In July, 1861 the husband she married at 17 was "fearfully wounded," in the first battle of Bull Run according to his 1929 obituary. Wounds must have healed as he re-enlisted the following year in the Fourth Virginia Infantry Regiment of the Confederate Army: Stonewall Brigade of the Liberty Hall Volunteers where he remained until the Confederate surrender.
Tombstones in the graveyard of the "Old Providence A.R.P. Church" they attended tell us a little of her Civil War experiences.

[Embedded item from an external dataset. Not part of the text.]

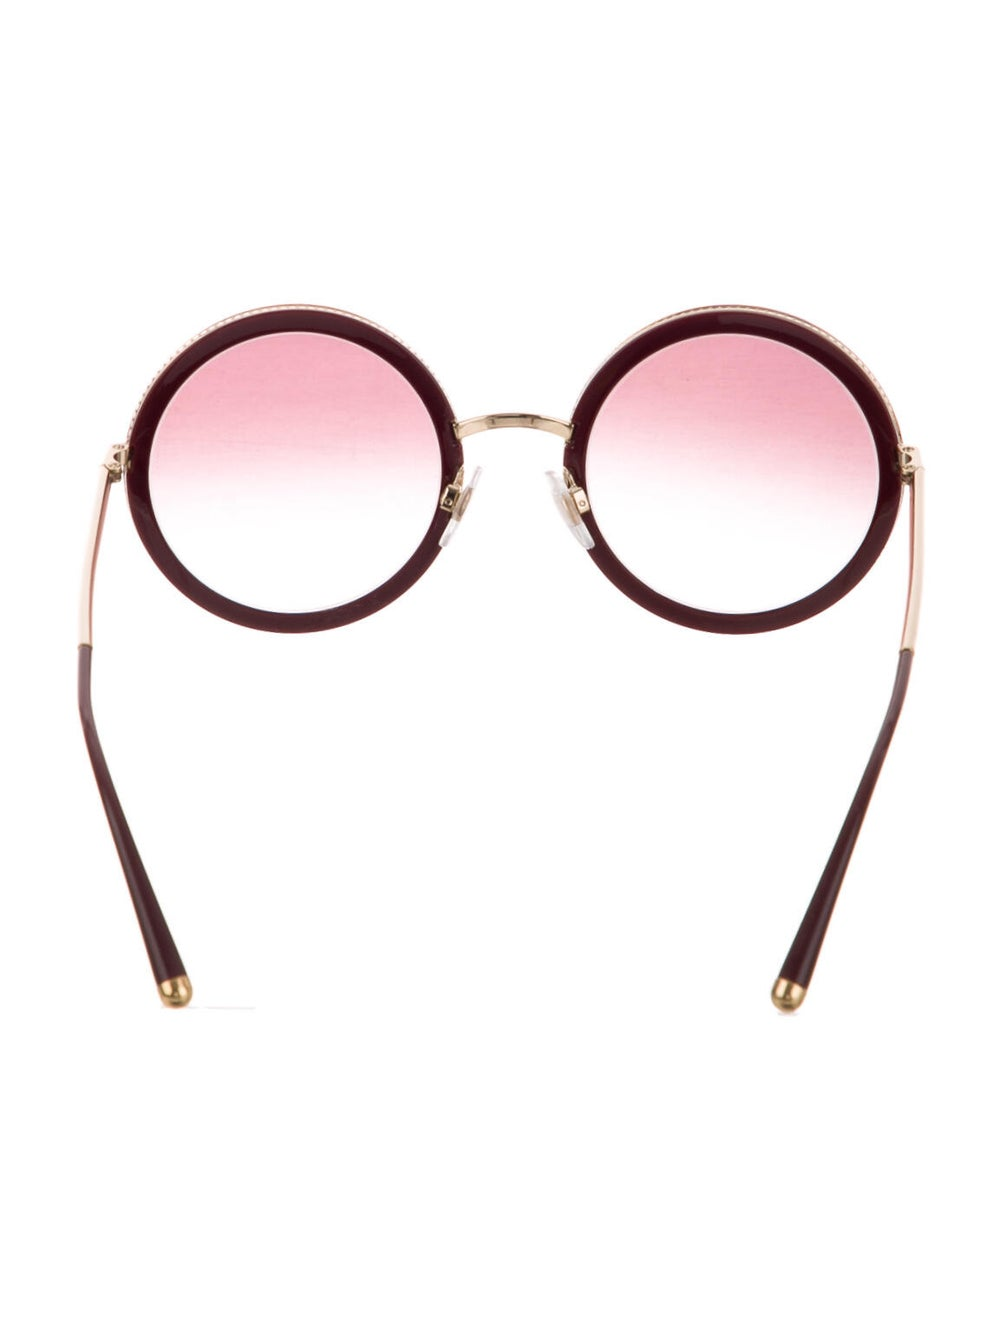 Dolce & Gabbana Round Gradient Sunglasses - image 3

When a diphtheria epidemic raged through the area sons James and David L. died within three weeks of each other.
FindaGrave
James's tombstone is hard to read. The death date
is 1864 not 1861, when he was 8.
David died at the end of November at age 3 years, 7 months and 14 days; James on December 11th at 8 years, 8 months and 6 days as their markers lovingly count. Baby Cornelia born in 1864 survived. After the war Rebecca gave birth to three long-lived daughters, Cora (born 1869), Flora (1872) and Lola (1876.)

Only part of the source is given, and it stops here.